The Nasty News Carriers
Three questions on the same subject and a story…
Dear Aunt Bossy,
What is your opinion about people who can hardly wait to tell you awful things that others have supposedly said about you?
Are they trying to help or hurt?
Nothing confusing about it. If someone comes to you and tells you awful things that someone else supposedly said about you, they are willing to hurt you. They may be willing to hurt you to hurt another person, or they may just want to hurt you. It really doesn’t matter.
Avoid these people like the plague they are.
Dear Aunt Bossy,
I have a friend who is very, very unhappy. She hates her job, she doesn’t have a boyfriend and wants one, her daughter treats her with no respect, and she does not see any hope for the future. My heart breaks for her.
I’ve tried to help her. I’ve given her suggestions about how to get out of her rut, but she always has an excuse about why those ideas won’t work.
Now, I find out she has been undermining me with our mutual acquaintances, even engaging someone I hadn’t even met to paint me in a bad light to a friend. I know it is just because she is feeling so down, but it is causing my friends and me pain. What should I do?
At a Loss
You only have two choices. The first is to ignore her, avoid her, and pray for her peace. The second is to confront her.
If you confront her, she will most likely throw fuel on her fire and go all out in her mission to make you look bad. Besides, she already feels bad enough without having to hear this from you.
She is obviously in a lot of pain herself and probably thinks you have it too easy in life, so she is going to even things out. If she knew things don’t work that way, she wouldn’t be stuck in the life she has.

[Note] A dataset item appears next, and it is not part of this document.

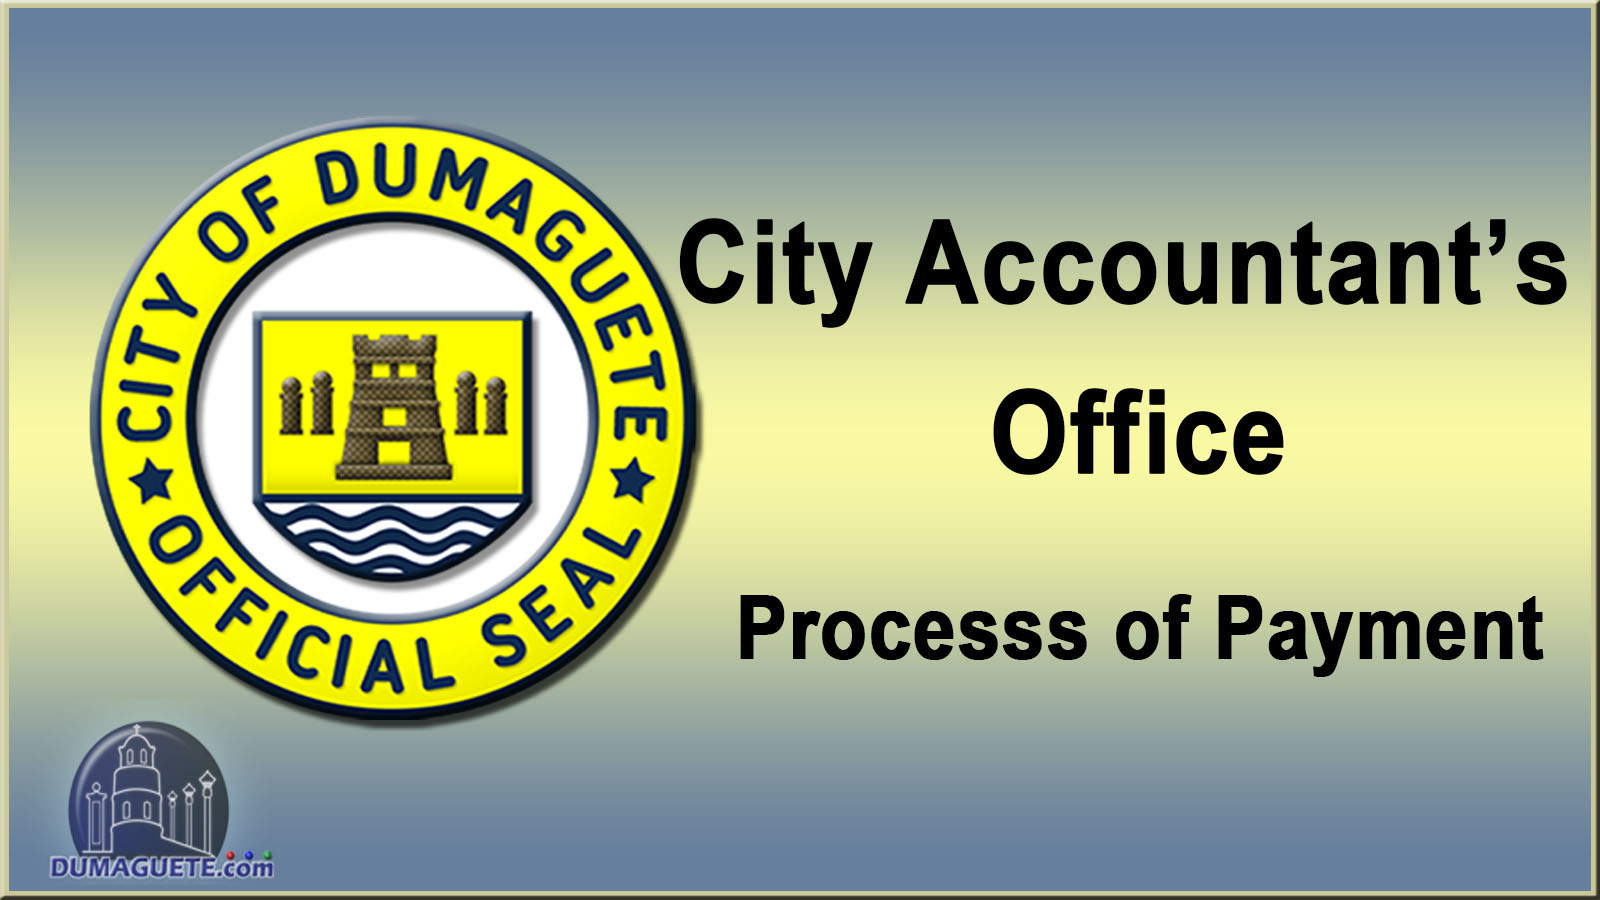 Dumaguete City Accountant's Office

If I were you, I would avoid her, be polite when you do have to see her, and cement your relationships with the people you care about. There is nothing you can do to help her, and you just need to keep out of her way.
It would be good if you could find it in your heart to pray for her.
Life is very hard for some people, and just because it is of their own making doesn’t mean they don’t deserve our compassion.
Dear Aunt Bossy,
You know that joke about the scorpion that promises the turtle he won’t sting him if he gives him a ride on his back to the other side of a river? When they get there, the scorpion stings him, and the dying turtle looks up and asks “why?” The scorpion responds, “I’m a scorpion. I can’t help it.”
When we run into human scorpions, how many chances dare we give them before the bite is lethal?
Theresa the Turtle
I guess it all depends on how fast you can pull your head back into your shell. However, I say third time and that venomous creature should be history.
There is no need to put yourself in harm’s way. If you have to go through the scorpion’s territory, say “hi” and hurry along.
Needless to say, no more rides.
Aunt Bossy has an anecdote on this subject. She knows a particularly smart, witty and harrowingly destructive character who is a close friend of a friend of hers. One day when they were sitting around, Bossy said, “You know, Friend, how I know you are a true friend?” She said, “How?” Bossy’ responded, “Because you never tell me all the horrible things so-and-so says about me.”
We all laughed because we know people like that. ‘Tis a pity.
For my next column we will discuss how dreadful it is when people refer to themselves in the third person. Ha!